This summer marked my 5-year anniversary of being diagnosed with cancer. It’s almost eerie to think that it has been that long since my diagnosis. During those first dark days, I wasn’t sure how I was going to make it from one day to the next, much less to a 1-year or 5-year mark. Back then, I would read stories of cancer survivors and wonder how they managed to stay so calm, and how they ever made it through the emotional whirlwind that comes in the aftermath of a cancer diagnosis, to reach the point of being a long-term survivor. “Long term” was a designation that seemed unreachable at the time. That’s the thing about cancer: time seemed to absolutely stop immediately after receiving that terrible news. Everyone else seemed to go on, living their lives, and I felt that mine was put on hold. My days, my nights, my thoughts, my very being were consumed by cancer. I could not fathom the idea that I would ever get beyond this.
Slowly, very slowly, the days turned into weeks and then months. I looked at this journey as a series of tasks that I needed to complete. Have appointment with surgeon. Check. Prepare for surgery. Check. Have surgery. Check. Recover from surgery. Check. Start physical therapy. Check. Follow up appointments. Check. Start medication. Check. Then, more surgery, more recovery. This cycle repeated several times over the course of three years. What I hadn’t realized until much later is that because I was so focused on completing tasks, physically recovering from multiple surgeries, I neglected to pay attention to another type of healing and recovery that is equally important. The emotional trauma that accompanies this entire experience cannot be underestimated and processing it is a critical and necessary step in being able to truly heal.
This may have been the most difficult part of my cancer journey. There is no checklist, no rulebook that tells a person how to process the entire experience. Cancer is very isolating, and it doesn’t operate on anyone’s schedule. Often it seemed to be one step forward, two steps back. Making net negative progress in emotional healing is quite disheartening and demoralizing. But this is the micro-perspective. Although there may have been setbacks in the day-to-day experience, when I actually took the time to deliberately contemplate the entire progression, the “macro-perspective”, so to speak, I was then able to recognize that progress WAS being made, however slowly it may have been. Eventually, I accepted that this was what healing looked like for me: a series of small victories interspersed by some small (and some not so small) setbacks.

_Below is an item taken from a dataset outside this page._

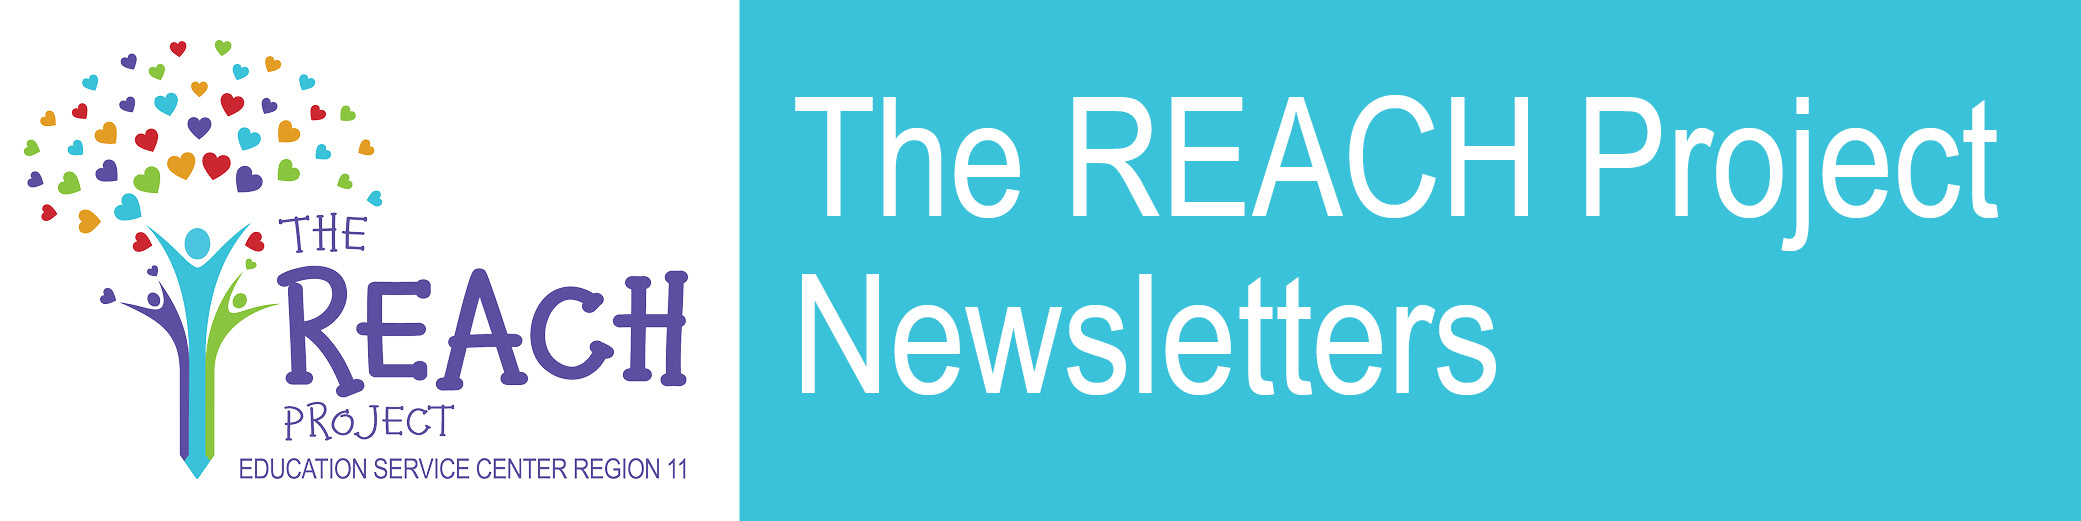 The REACH Project Newsletters

I remember asking other survivors how long it was until they had a day where they managed to NOT think about cancer. Not surprisingly, everyone had different answers. And then one day, I realized that it had happened for me. This was perhaps a symbolic finish line, or at least a notable achievement along the way. I did silently mark the 5-year point in my head as the day came and went. Some people want to throw a party and have a loud celebration. For me, a quiet note was just fine with me as I have deliberately worked to allow cancer to occupy less and less of my thoughts and take up an ever-decreasing amount of emotional bandwidth.